There are two difficulties:
1. Terminology (equal terms should have the same meanings for DM consumers
and providers)
2. OLE DB for DM Grammar (Microsoft draft, p.80) should permit adequate
matching.
The MS draft provides the following description for data contents.
Type Flags
|
|
KEY
|
The column is discrete and is a key. Key columns will not
have any other flags except in the case of a nested table with no attribute
columns.
|
CONTINUOUS
|
The column contains values in a continuous range, such
as Age or Salary.
|
DISCRETE
|
The column contains a discrete set of values, such as
Gender.
|
DISCRETIZED
|
The column contains a continuous set of values that
should be converted to buckets.
|
ORDERED
|
The column contains a discrete set of values that are
ordered, such as Salary Level.
|
CYCLICAL
|
The column contains an ordered discrete set of values
that are cyclical, such as Day of Week, or Month.
|
SEQUENCE TIME
|
The column contains time measurement units.
|
Specifically DISCRETE is described as follows: "Even if the values are
numeric, NO ORDERING is implied by the values. ("Area Code" is a
good example.)"
This means that DISCRETE could be used to represent ordered data (salary
levels) or unordered data (gender). No specific flag is provided for DISCRETE
and UNORDRED data types. Two flags should be set up for this case: DISCRETE
and UNORDERED, but the grammar presented by Microsoft, does not provide the
flag UNORDERED.
According to Microsoft a column definition is one of the following forms:
<column name> <type> [<content flags>]
[<column relation>] [<prediction flag>]
<column name> TABLE [<prediction flag>] ( < non-table column
definition list > )
The fields <content flags> can be selected as one of the words:
continuos, discrete, discretized, sequence_time, ordered and cyclical.
<col_content> -> DISCRETE
| CONTINUOUS
| DISCRETIZED( [<disc_method> [,
<numeric_const>]] )
| SEQUENCE_TIME
<col_content_qual>-> ORDERED
| CYCLICAL
We suggest adding a new flag to identify DISCRETE and UNORDERED using the
term NOMINAL (or classification):
<col_content> -> NOMINAL
| DISCRETE
| CONTINUOUS
| DISCRETIZED( [<disc_method> [,
<numeric_const>]] )
| SEQUENCE_TIME
This term has been used a standard term in measurement theory for more
than 30 years [P. Suppes, J. Zinnes, Basic Measurement Theory, in: Handbook
of Math. Psychology, v. 1, 1963, Wiley].
We think that it will be more efficient to add the NOMINAL type directly into
the grammar rather than to rely on non-unified terms provided by an
individual vendor.
Why is it important to add the NOMINAL data type to the grammar directly?

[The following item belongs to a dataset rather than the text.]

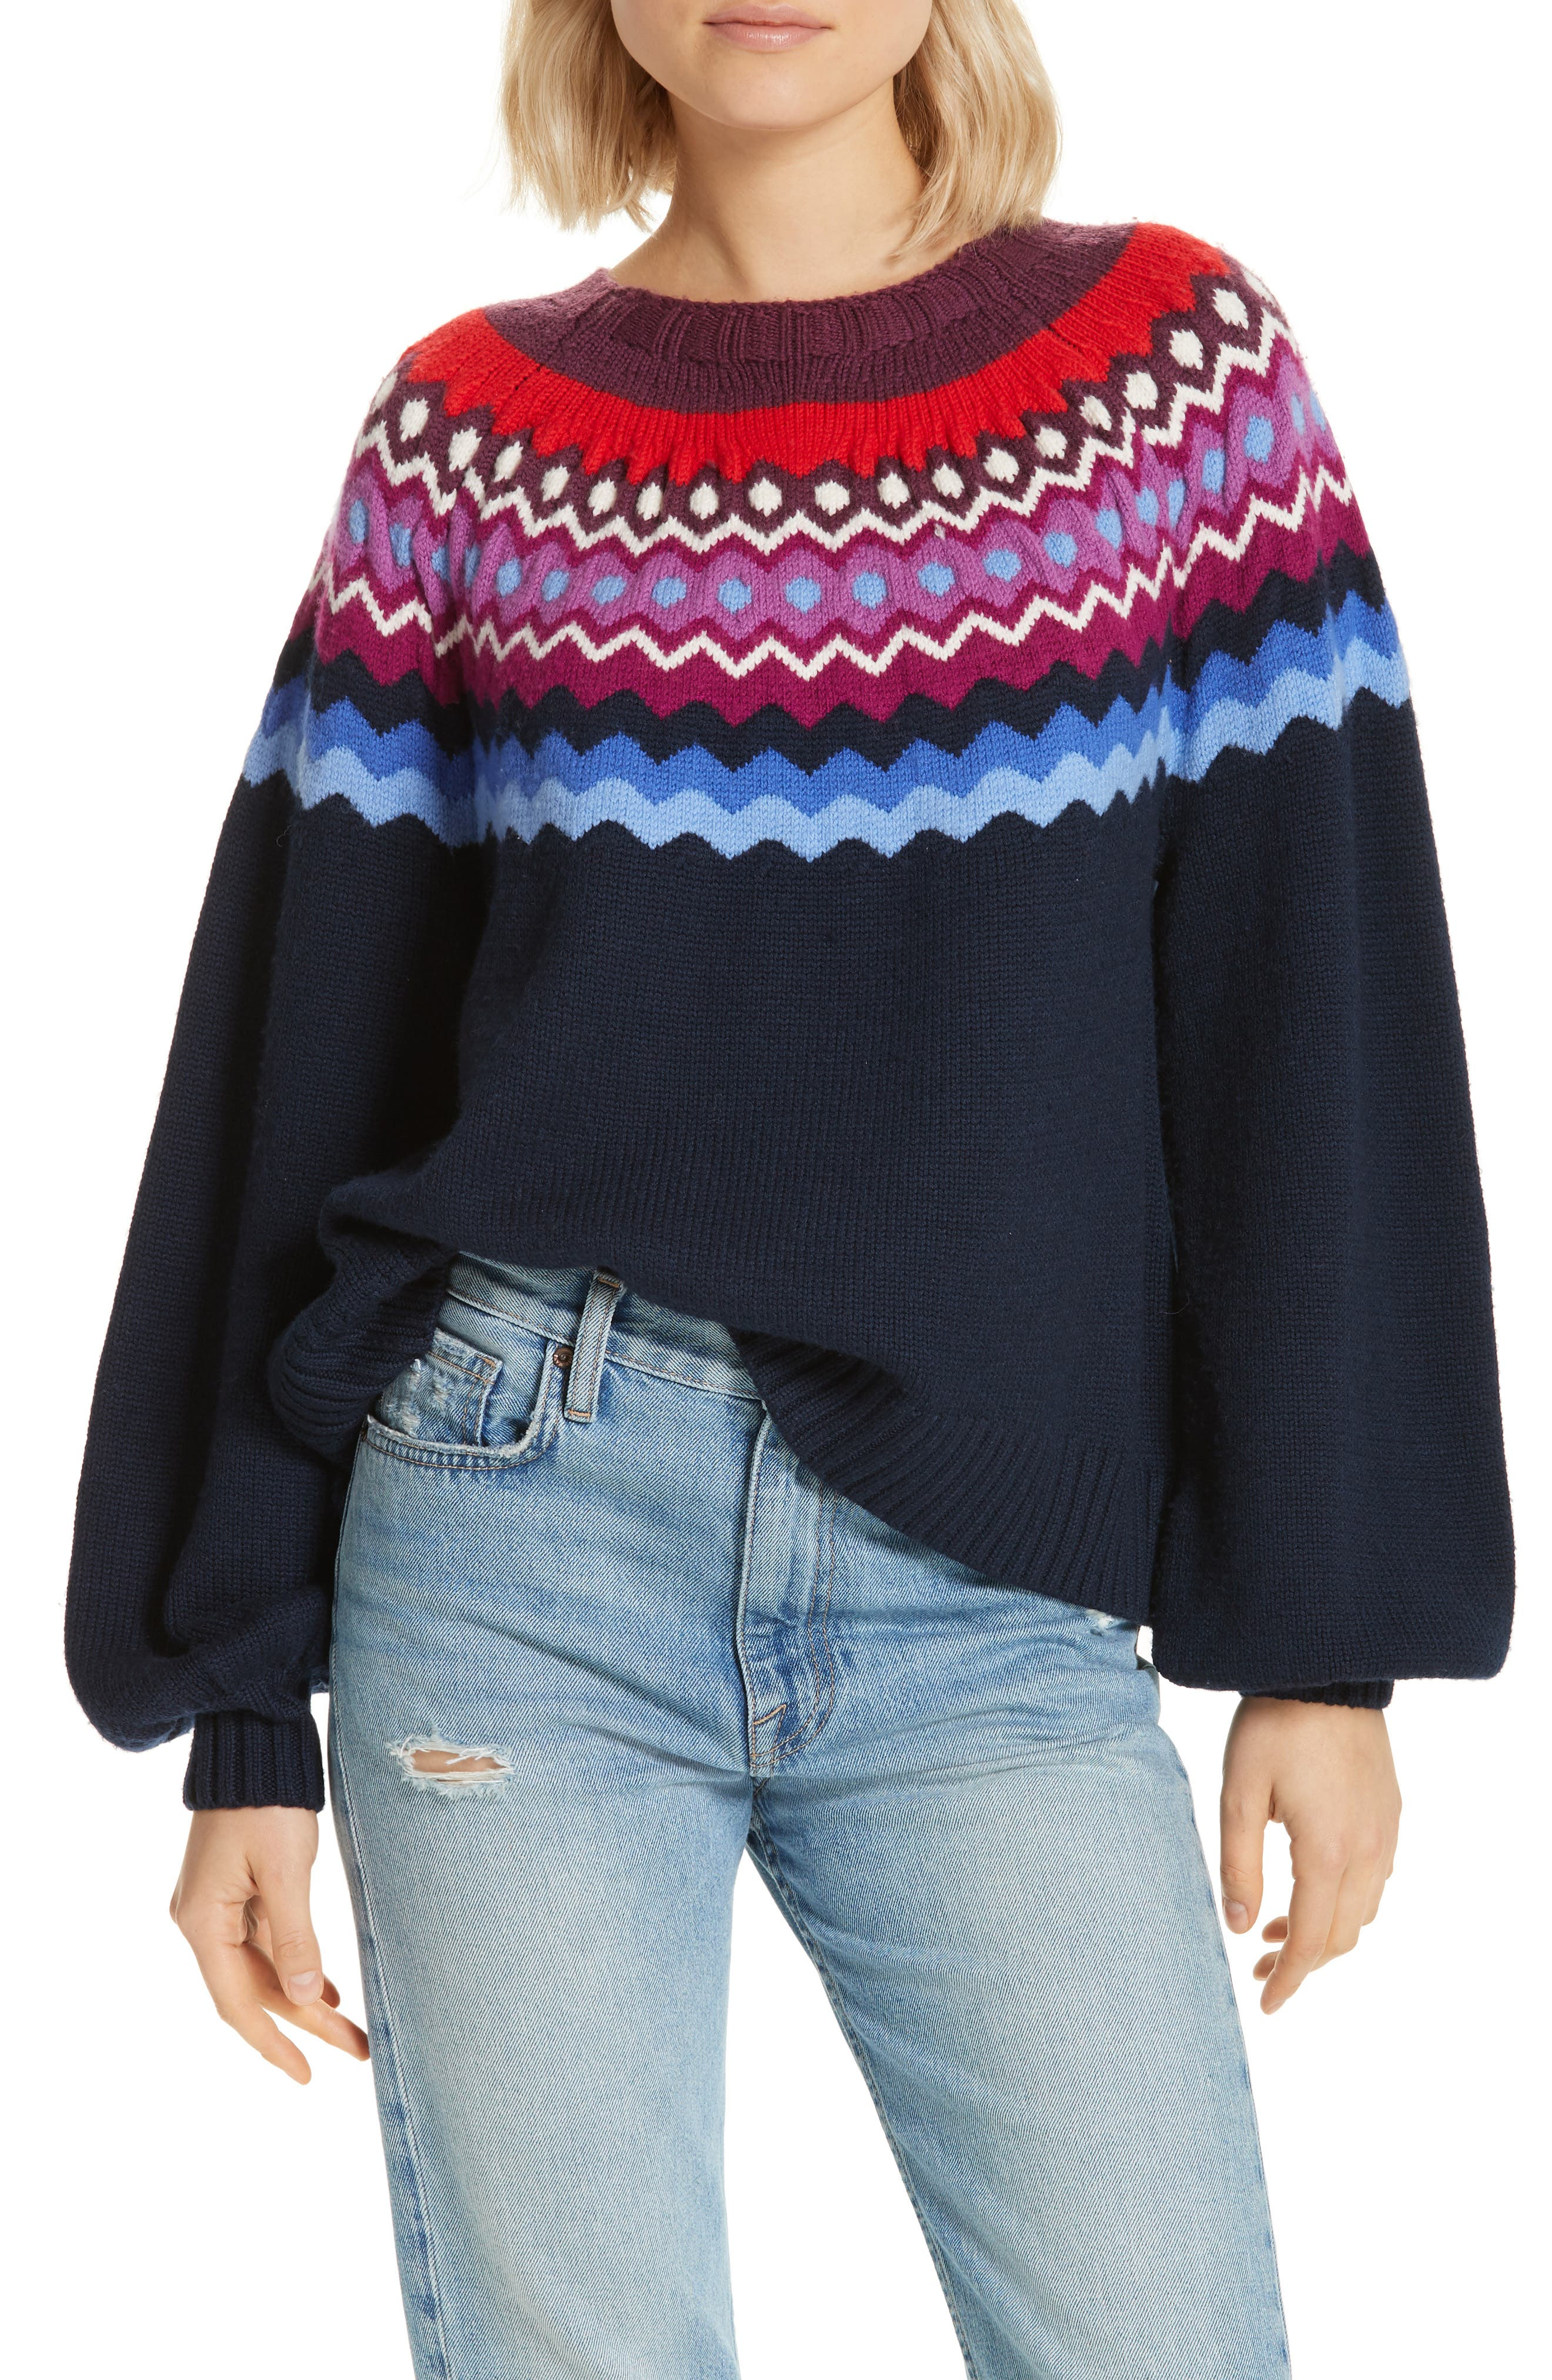 JOIE Karenya Sweater, Main, color, 410
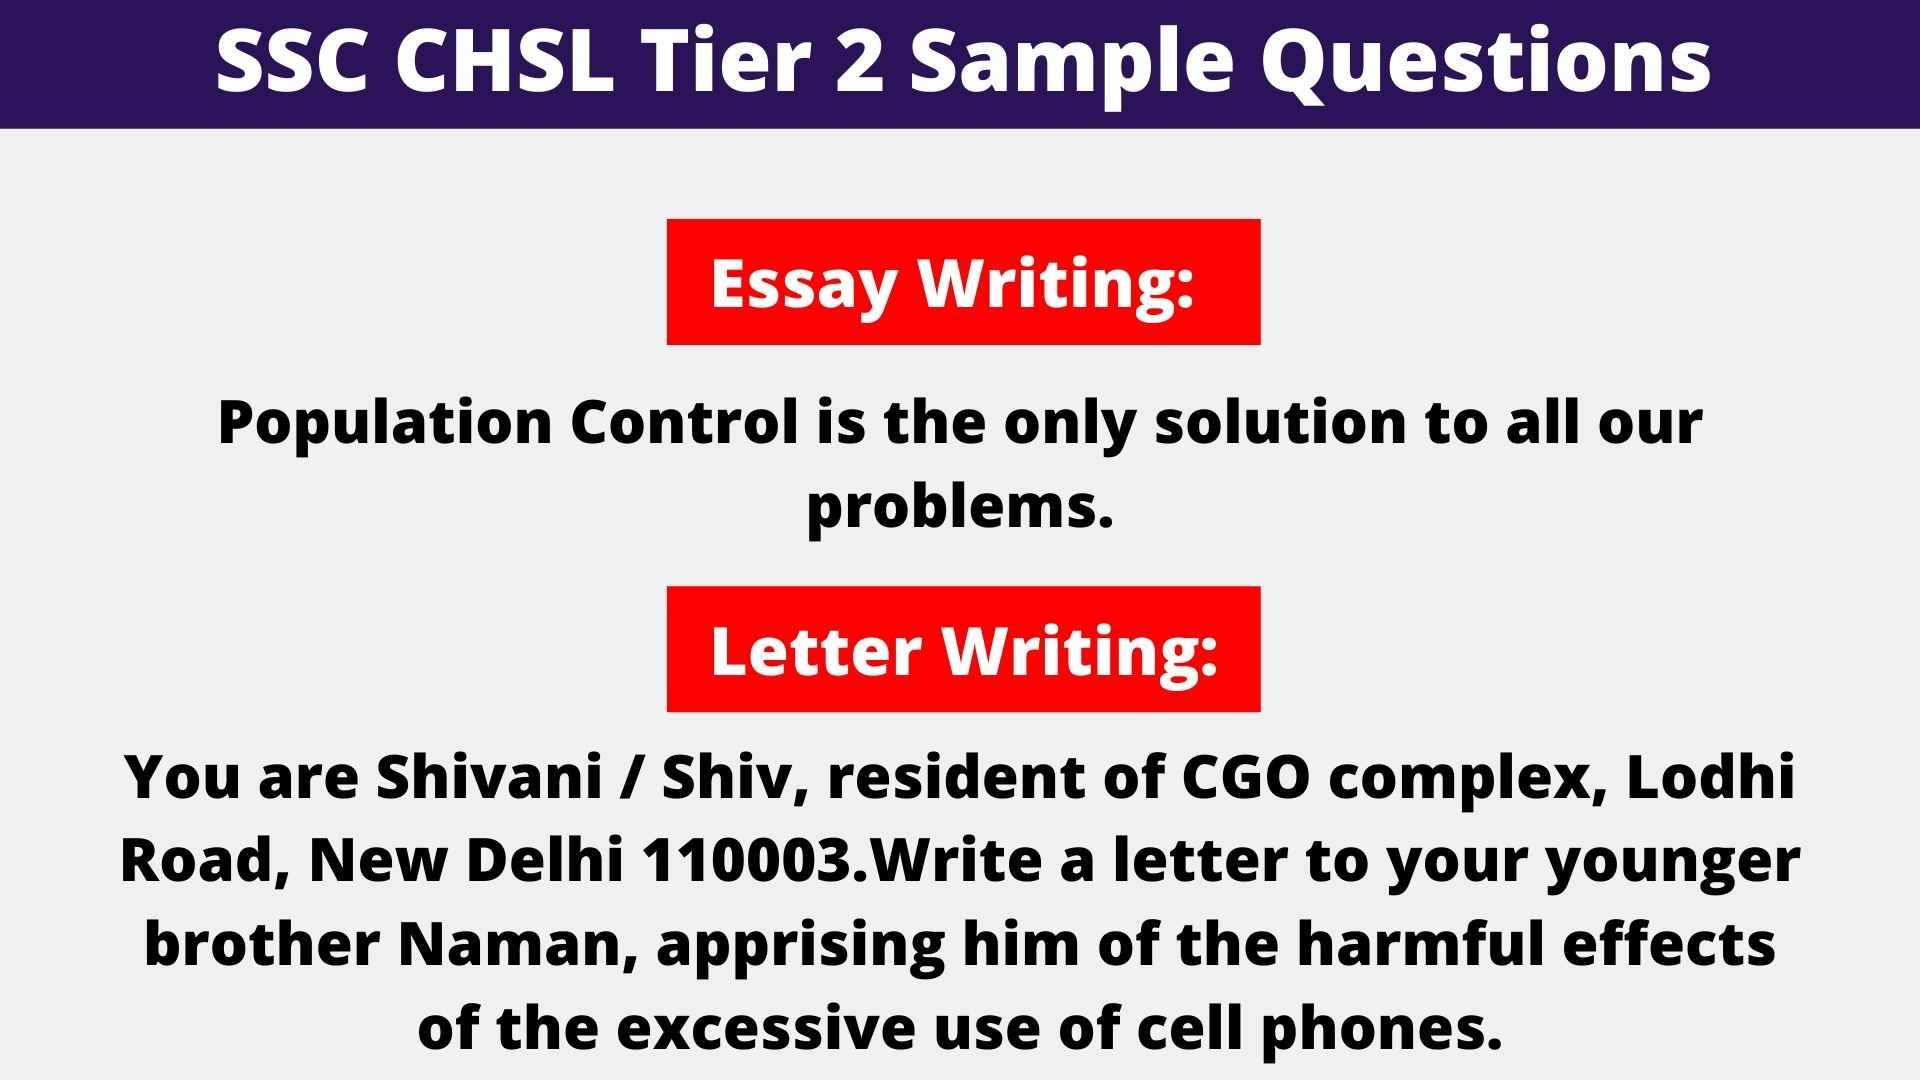 SSC CHSL Questions

The Microsoft draft provides the following example (Tree Model to Predict
Credit Risk):
<?xml version="1.0"?>
<pmml>
<statements>
<statement type = "CREATE" value = "Create Mining Model
CreditTree1
( ID long key,
Credit text discrete predict,
Education text discrete,
Age text discrete,
Pay text discrete
) using microsoft_decision_trees
"/>
<statement type = "TRAIN" value = "Insert Into CreditTree1
( ID, Credit, Education, Age, Pay)
OPENROWSET("Microsoft.Jet.OLEDB.4.0",
"data source=w:\test\demozero\credit.mdb",
"SELECT ID, Credit, Education, Age , Pay FROM CreditTraining" )
"/>
This example uses four DISCRETE columns:
Credit (bad, god), Education (Bachelor,Partial College, High School, Partial
High School,…), Age (Young, Middle, Old) and Pay (Weekly pay, Monthly
salary,…). Credit, Education and Age are clearly ORDERED. On the other hand
when one consider Pay, it is not so obvious what kind of order makes sense.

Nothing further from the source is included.